Article

Corneal confocal microscopy after CXL for keratoconus

Corneal confocal microscopy may be a useful tool for physicians performing corneal collagen crosslinking.

Take-home:

Corneal confocal microscopy may be a useful tool for physicians performing corneal collagen crosslinking.

 

Dr. Touboul

By Nancy Groves; Reviewed by David Touboul, MD

Bordeaux, France-Conventional corneal collagen crosslinking (C-CXL) has become the gold standard to halt keratoconus. Several new CXL procedures, however, have been developed.

Corneal confocal microscopy (CCM) appears to be a useful tool for noninvasive CXL titration and follow-up in patients with keratoconus treated with these protocols, said David Touboul, MD, French National Reference Center for Keratoconus, Bordeaux, France.

Based on a study Dr. Touboul and colleagues performed at the center, he concluded that keratocyte loss is probably a relevant parameter to make comparisons between different CXL protocols.

He also suggested that incorporation of data from biomechanics and topography could lead to better optimization of the compromise between safety and efficacy in CXL.

The new trends in CXL include improving safety with transepithelial protocols (T-CXL) and decreasing operating time with accelerated protocols (A-CXL), Dr. Touboul said.

T-CXL is similar to C-CXL, but in the newer protocol the epithelium is not removed and 0.1 tromethamine is used to enhance riboflavin uptake in the cornea, while dextran is not used.

The main differences between the accelerated protocol and the others are the times and fluency.
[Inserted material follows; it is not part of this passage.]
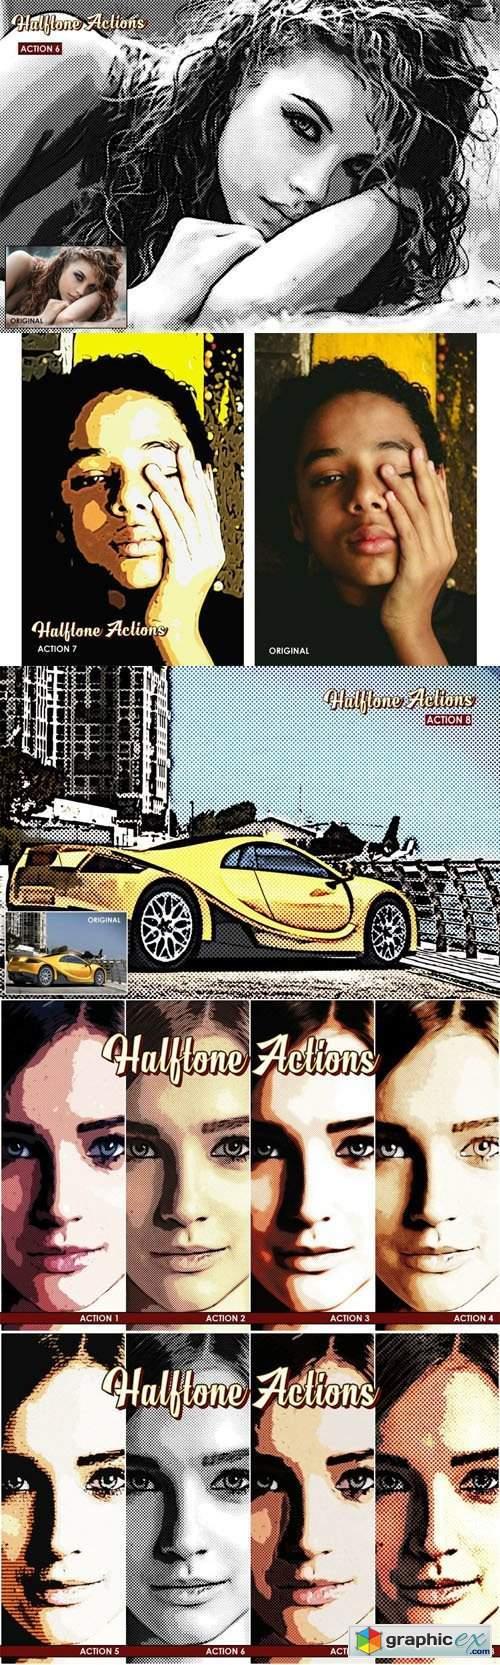 Halftone Photoshop Actions - Cartoonize Retro Style

In A-CXL, riboflavin is administered for 10 minutes instead of 30, and UVA time is only 3 minutes versus 30, reducing the overall time of the procedure to less than one-quarter of that required for the conventional protocol, 13 minutes versus 60. The fluency in A-CXL is 30 mW/cm2 compared to 3 mW/cm2 in C-CXL and T-CXL.

The study used CCM to compare conventional CXL with the two newer protocols.

Dr. Touboul and colleagues evaluated 24 eyes of 24 patients with progressive keratoconus and corneal thickness > 400 µm. They were divided into three groups of eight each: Group 1, C-CXL; Group 2, A-CXL; group 3, T-CXL.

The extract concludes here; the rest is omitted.